The well-designed objective you’ve set by Principle #1 shows you exactly what to keep your focus upon.
“Focused attention, like a strained muscle, gets fatigued… Rest and restoring physical and mental energy get built into [world-class competitor’s] training regimen. The seek to push themselves and their bodies to the max, but not so much that their focus gets diminished in the practice sessions. Optimal practice maintains optimal concentration.” (page 165, italics mine)
4. Provide repetition with incremental increases in challenge.
This is repetition-with-focus, inseparable from Principle #3, and aimed at a specific objective noted in Principle #1.
“You don’t get benefits from mechanical repetition, but by adjusting your execution over and over to get closer to your goal.” (page 163)

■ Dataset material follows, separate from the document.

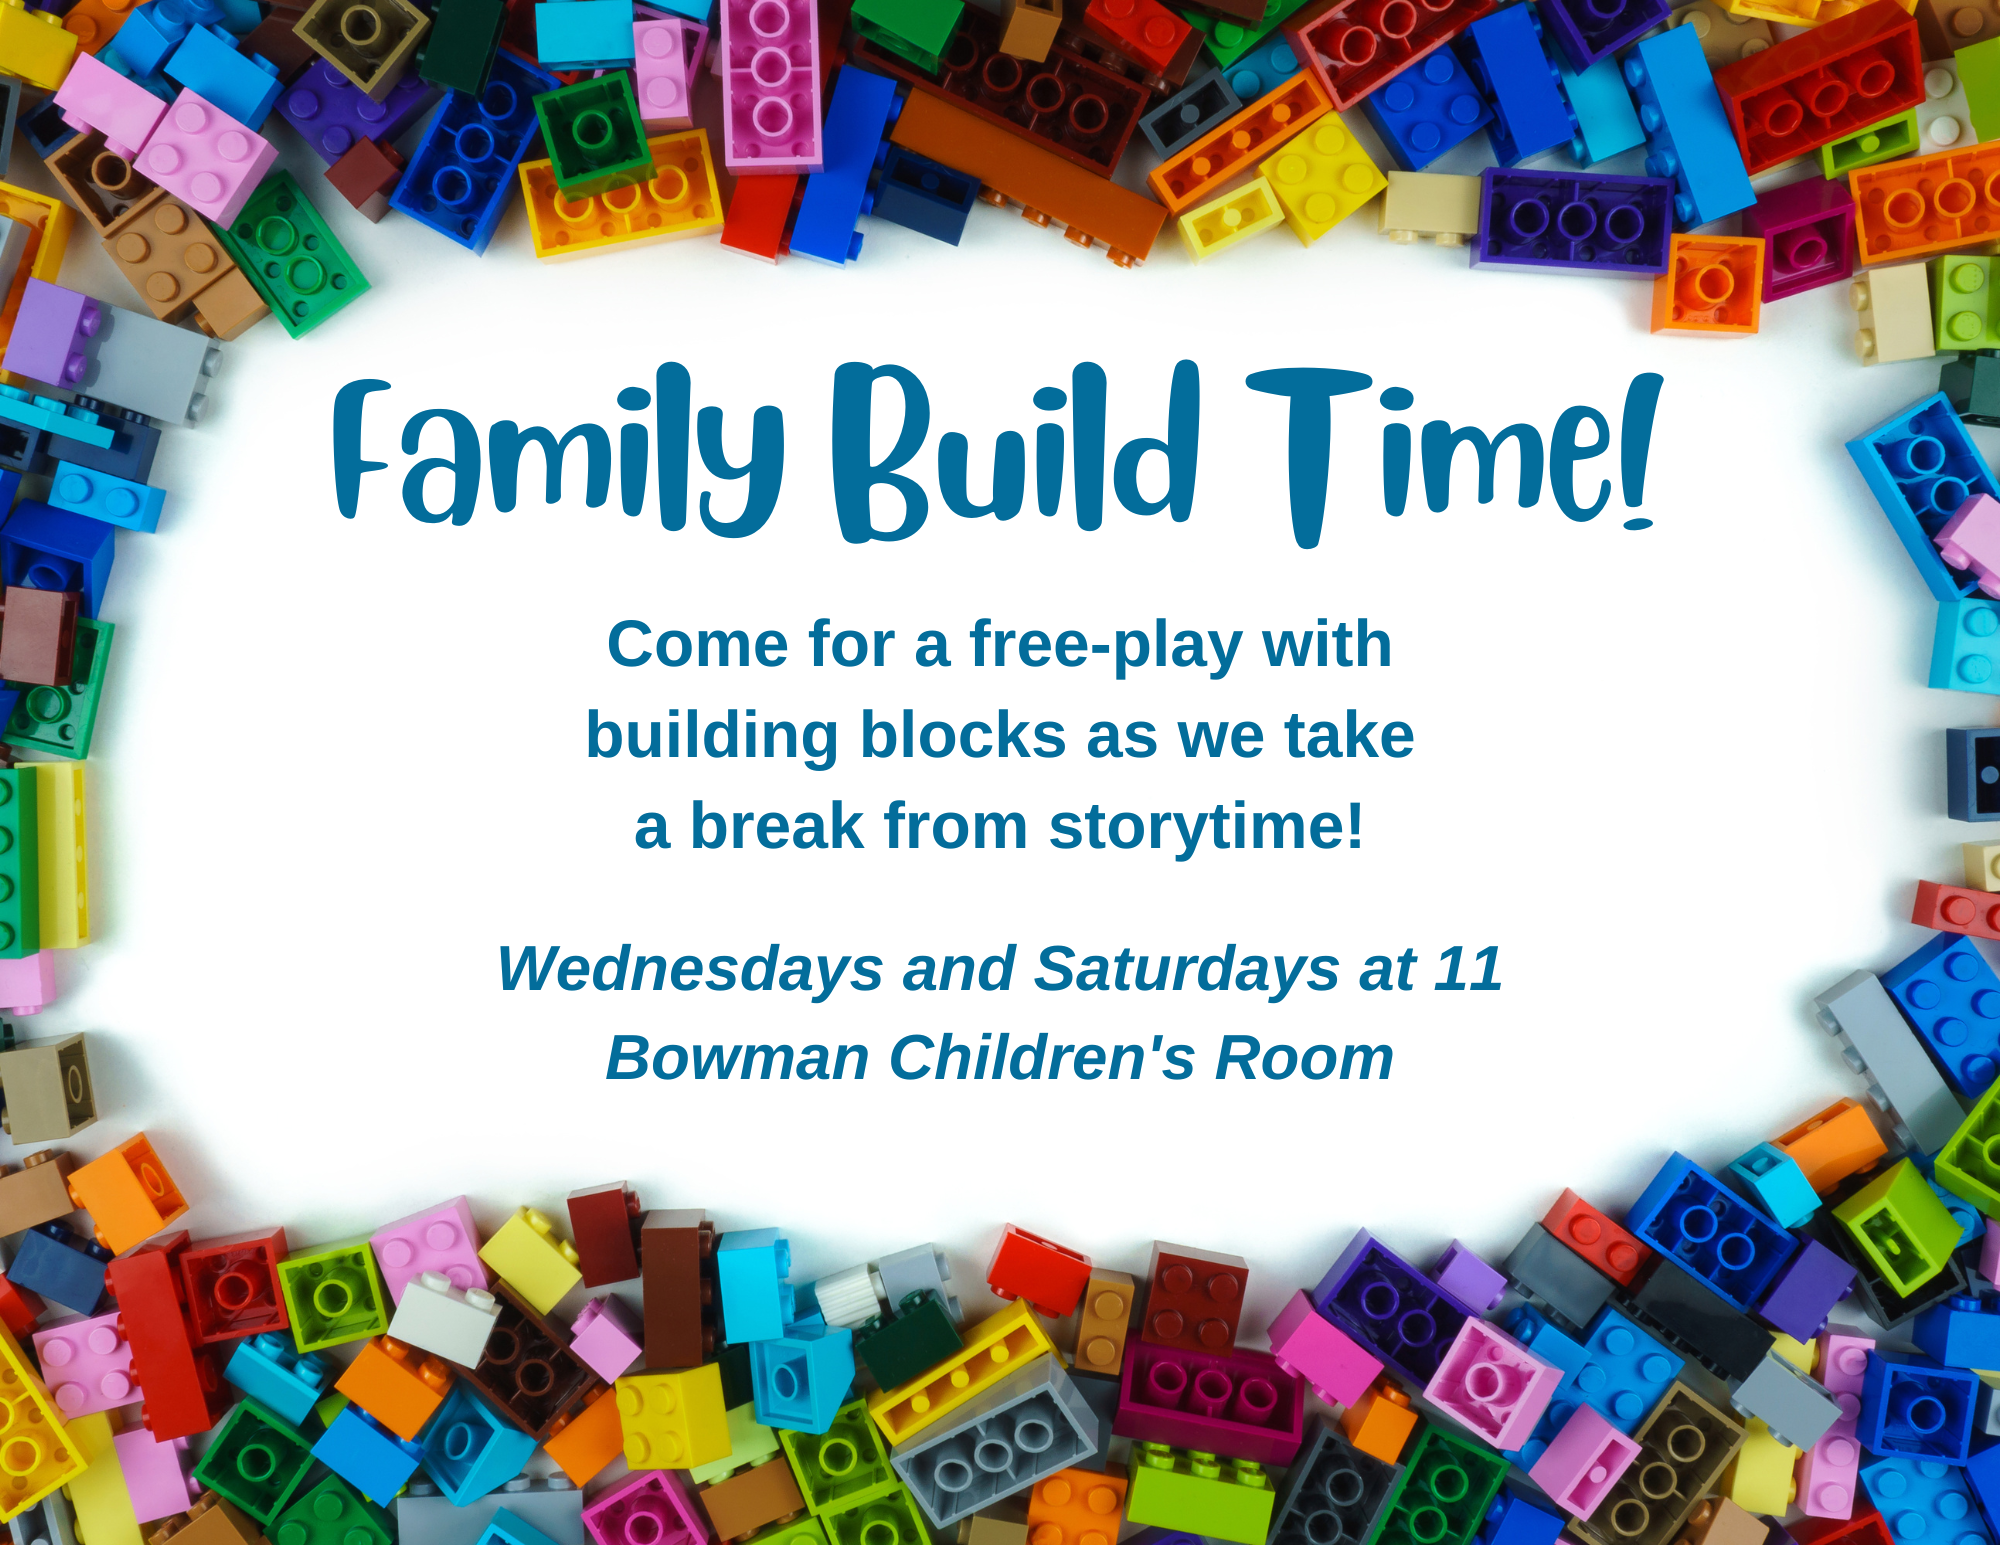 Family Build Time promotional poster with a border made of Legos
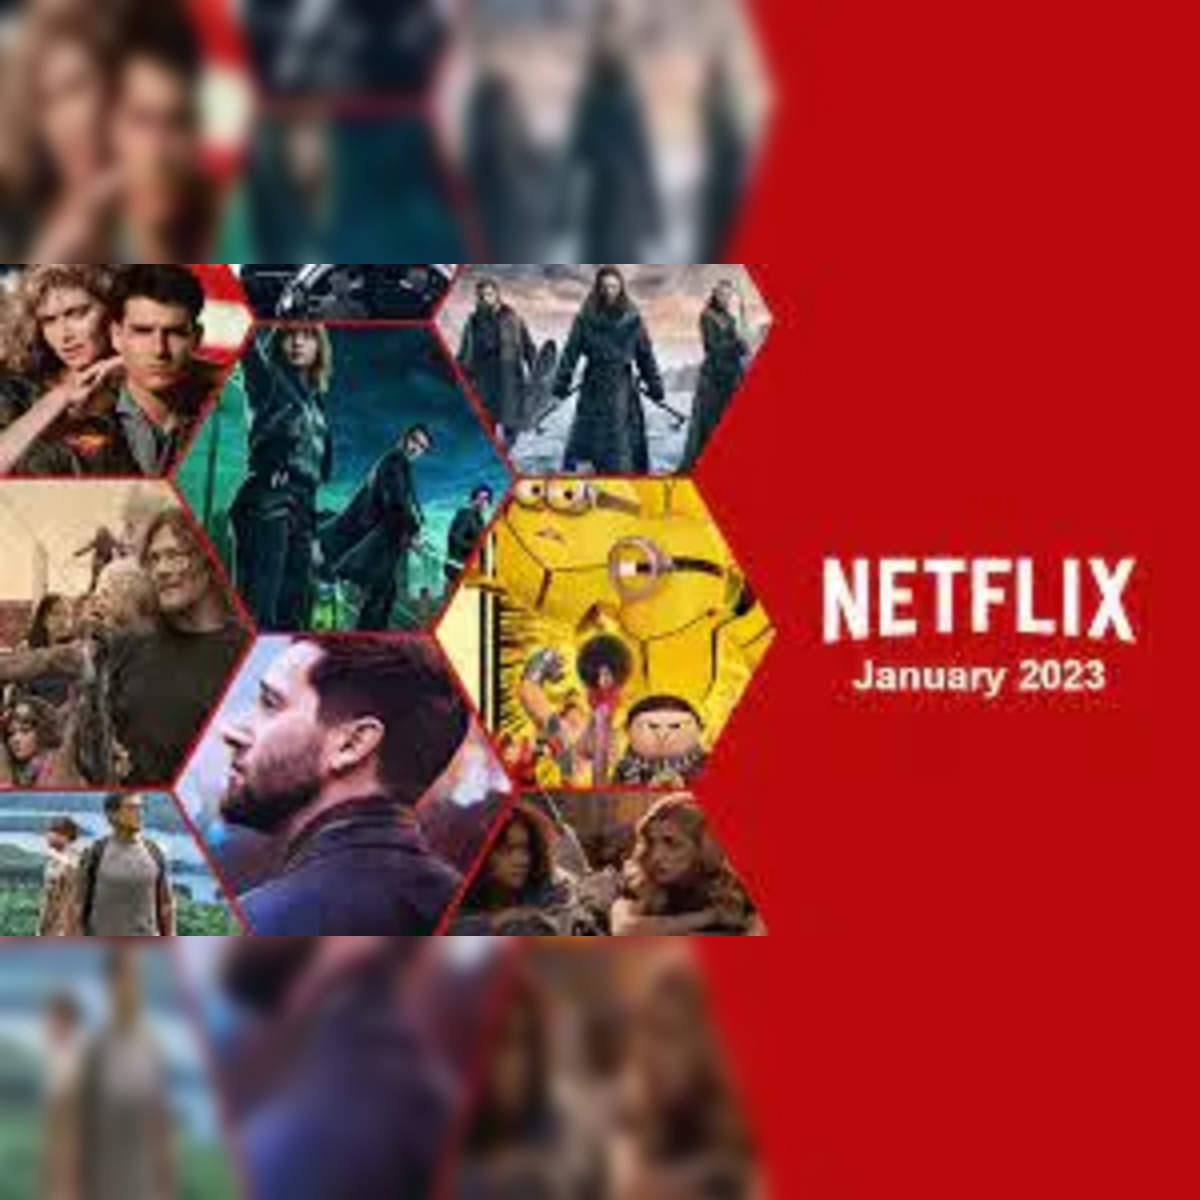 The 10 Most Anticipated Netflix Films and TV Shows in 2022

The incremental increase in challenge allows you to maintain then improve concentration as you make small, specific changes in stroke control (i.e. muscle commands). This way you can actually improve your ability to perform at higher levels of intensity, under higher levels of metabolic and environmental stress. The well-designed feedback loop allows you to see what you are doing in the middle of the act of swimming so you can compare that to what you intended to do, and make necessary corrections immediately. Try to jump ahead, adding too much increase in challenge/complexity, too soon, and the optimal improvement process breaks down right away.
So, the basis of our training process in Total Immersion is hopefully making sense now. ‘Quit thinking and just swim’ is a way to rest the brain for a little while, yes, but you need to turn the concentration back on in order to get better at your swimming. Maintain and strengthen concentration as a habit to your performance advantage or turn off your conscious observation (lose discipline for it) your performance peril. This is not some TI coach’s opinion on the matter, but the overwhelming consensus of the latest neuro-science and neuro-psychology.